* DATASET CONTENT:
-*-*-
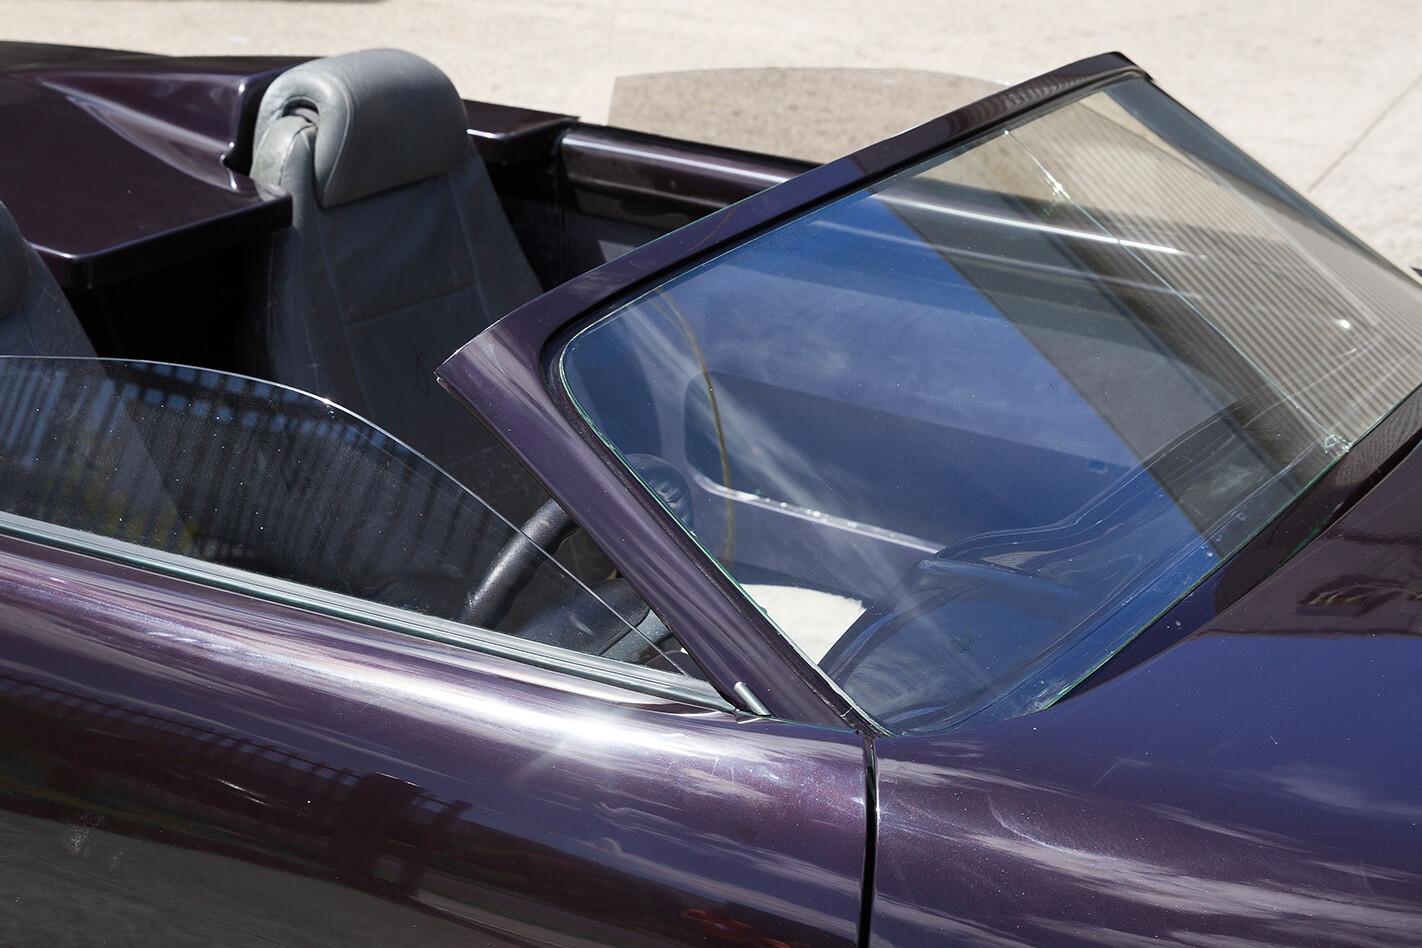 EFIJY FX windscreen
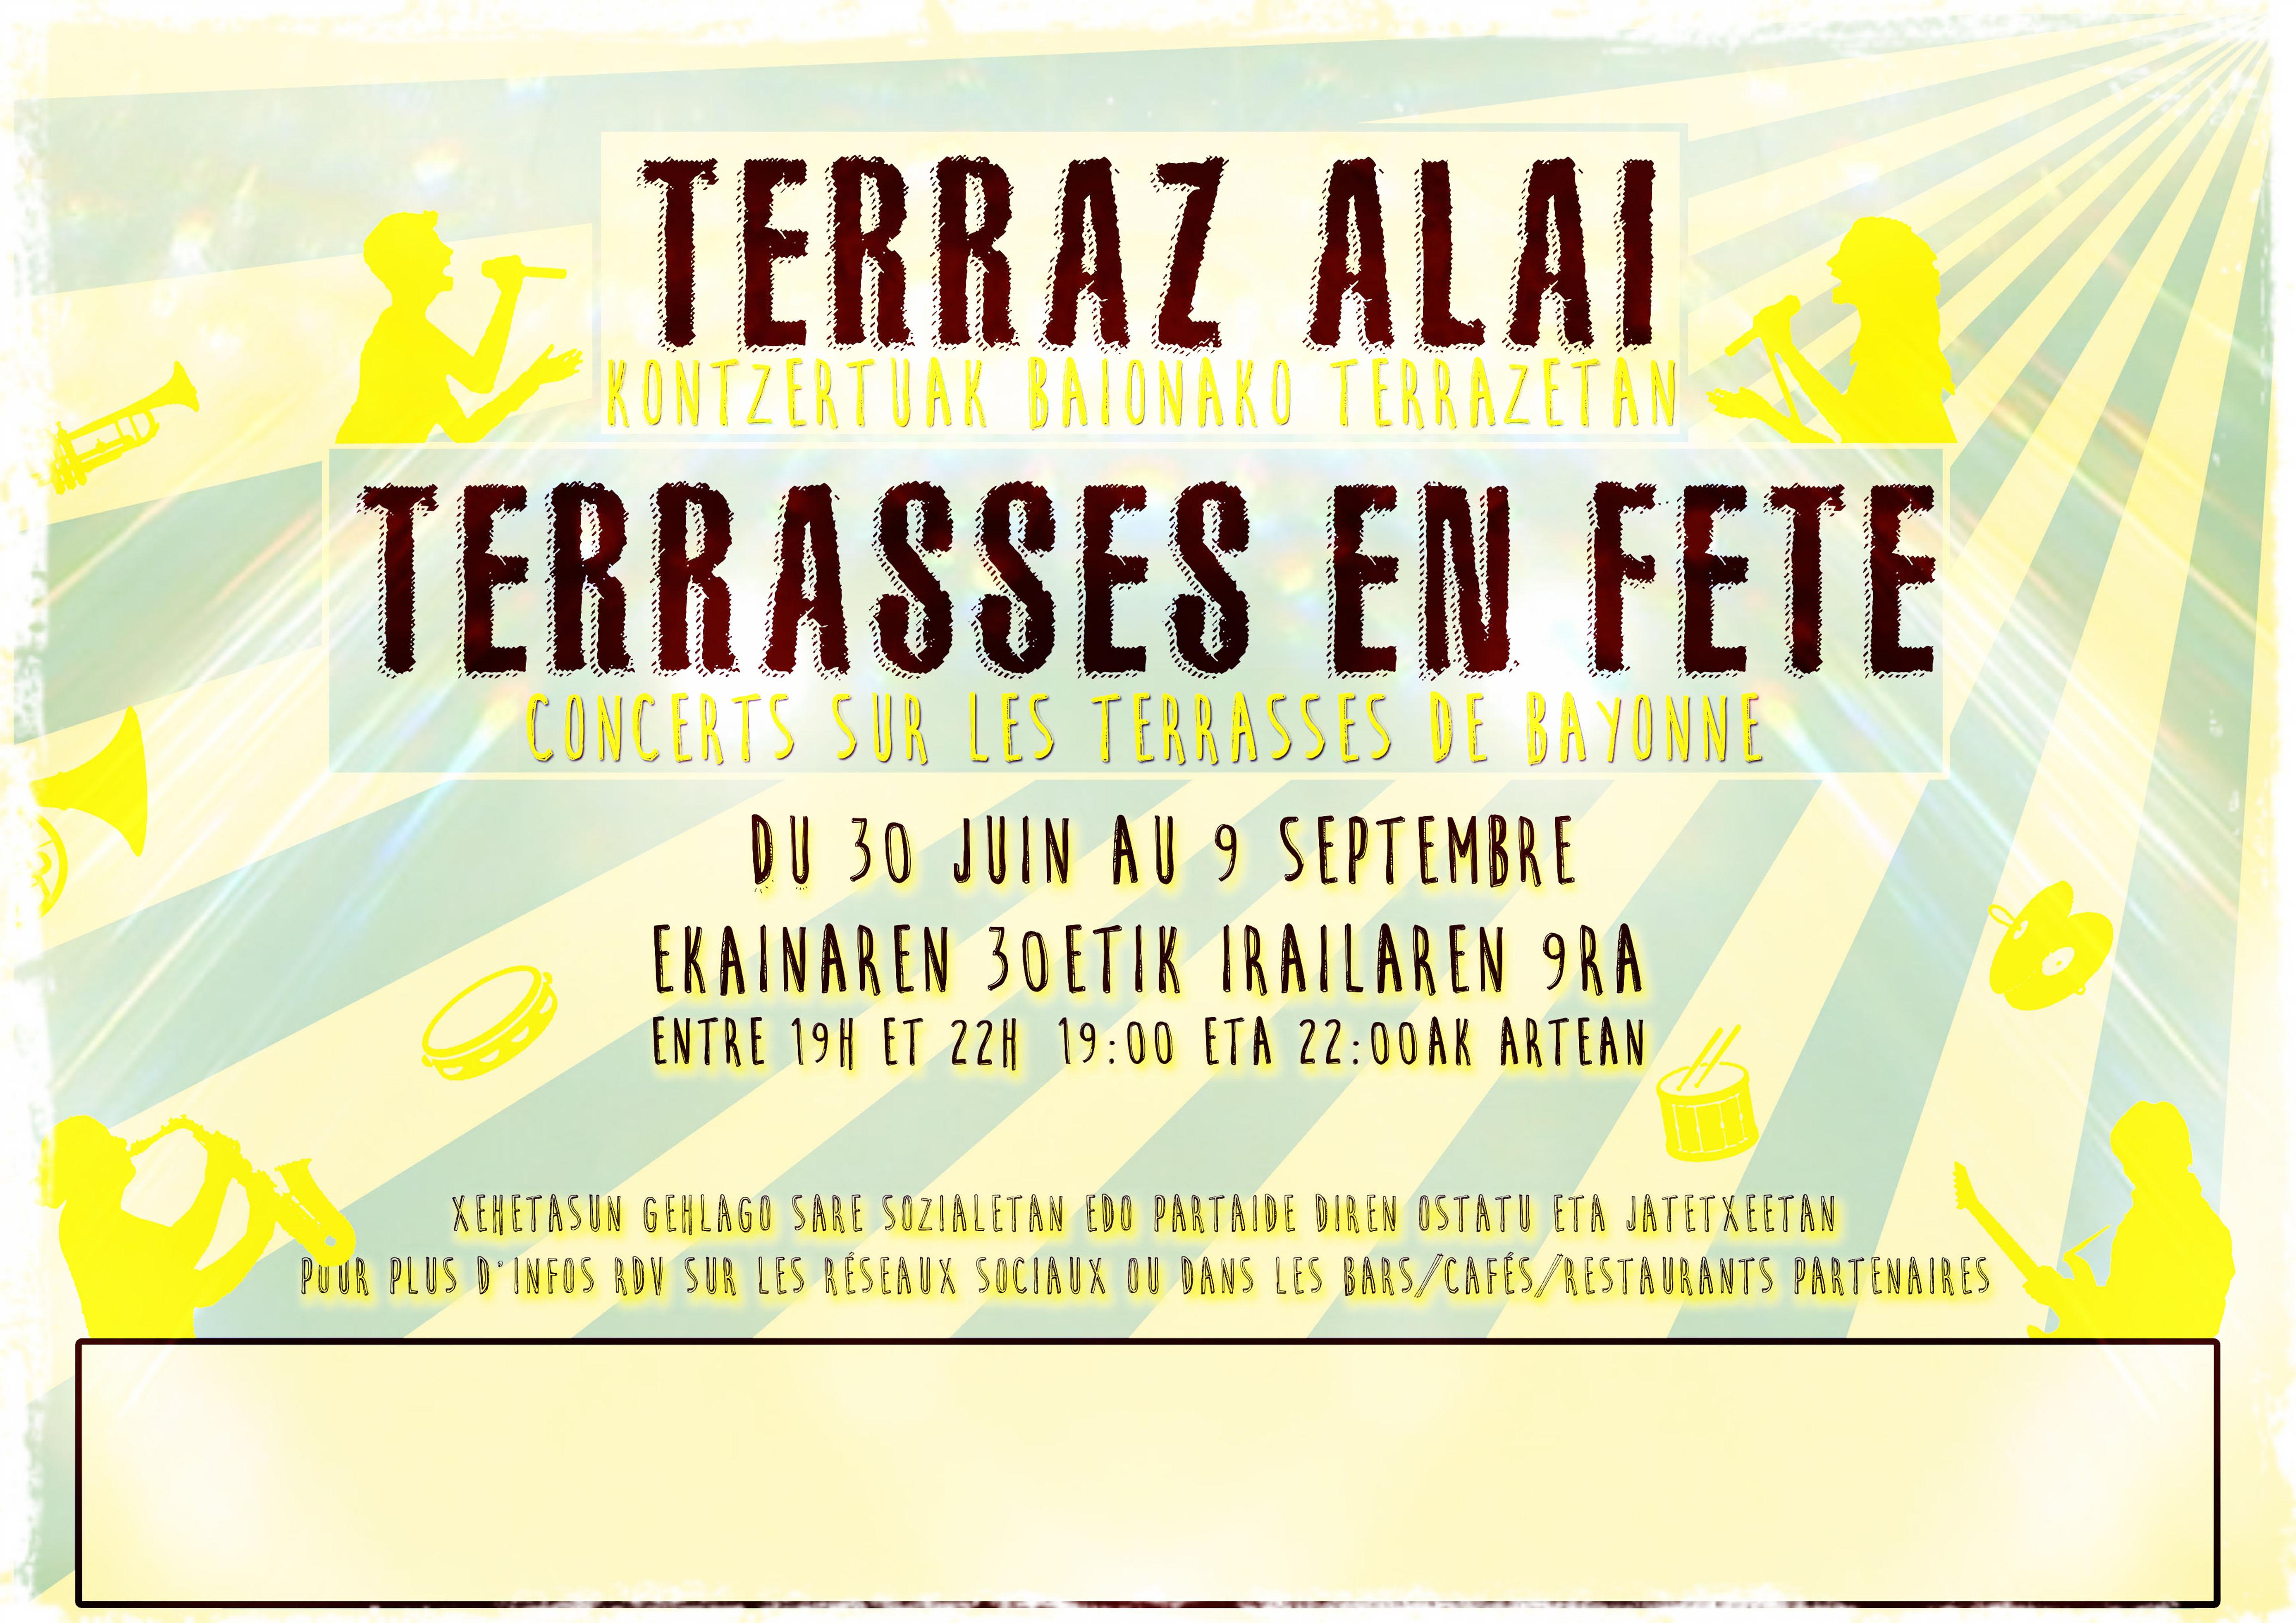 affiche terazalai2016
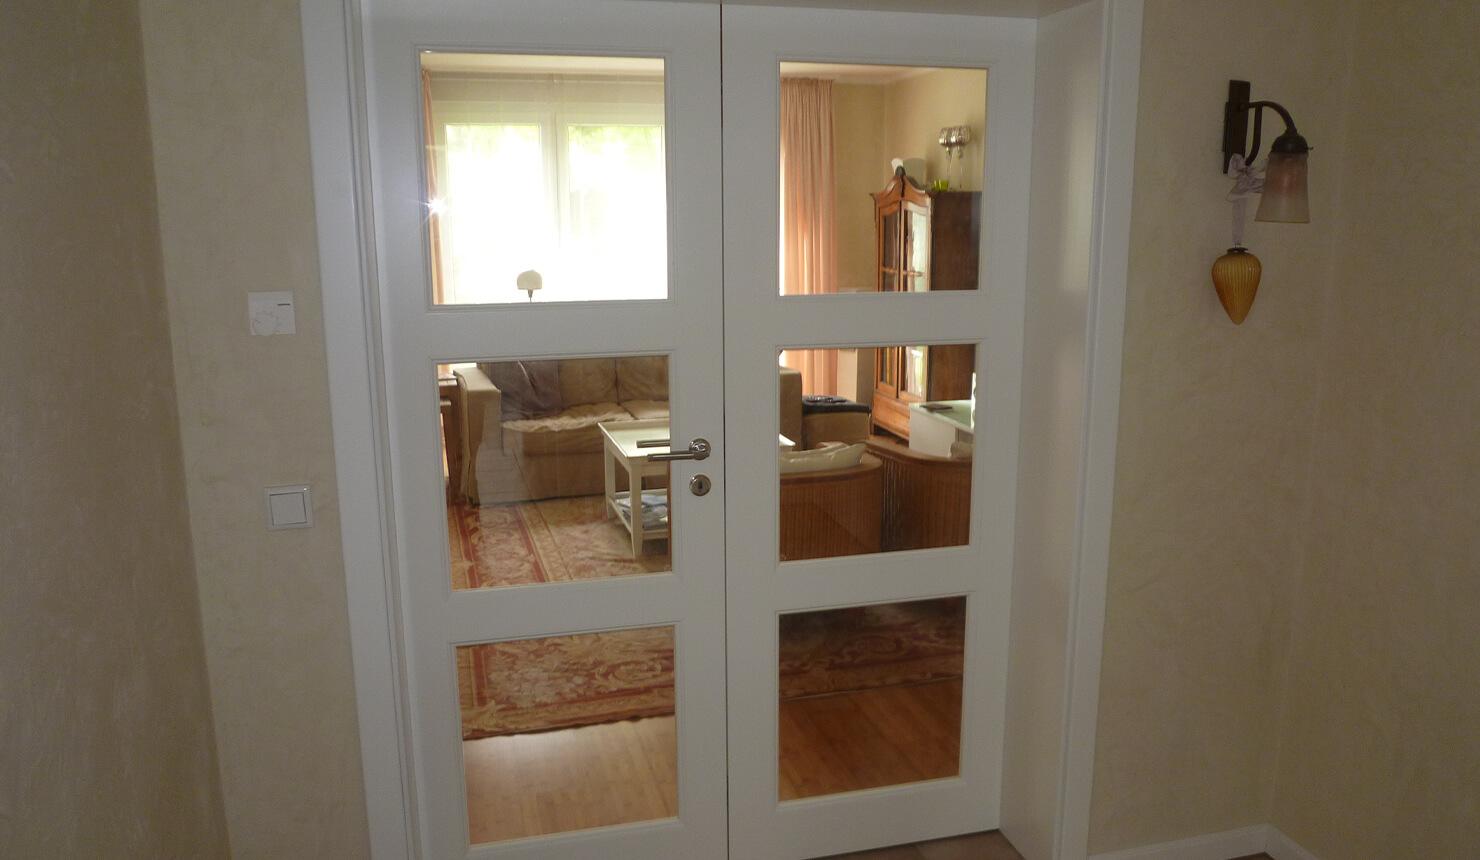 Weiße Doppelflügeltür mit Fenstern für einen schönen Einblick
-*-*-
* WHAT TO WORK ON:
Copy out all the data above exactly as written. Skip the pictures.

* RESPONSE TO THE EXERCISE:
 EFIJY FX windscreen
 affiche terazalai2016
 Weiße Doppelflügeltür mit Fenstern für einen schönen Einblick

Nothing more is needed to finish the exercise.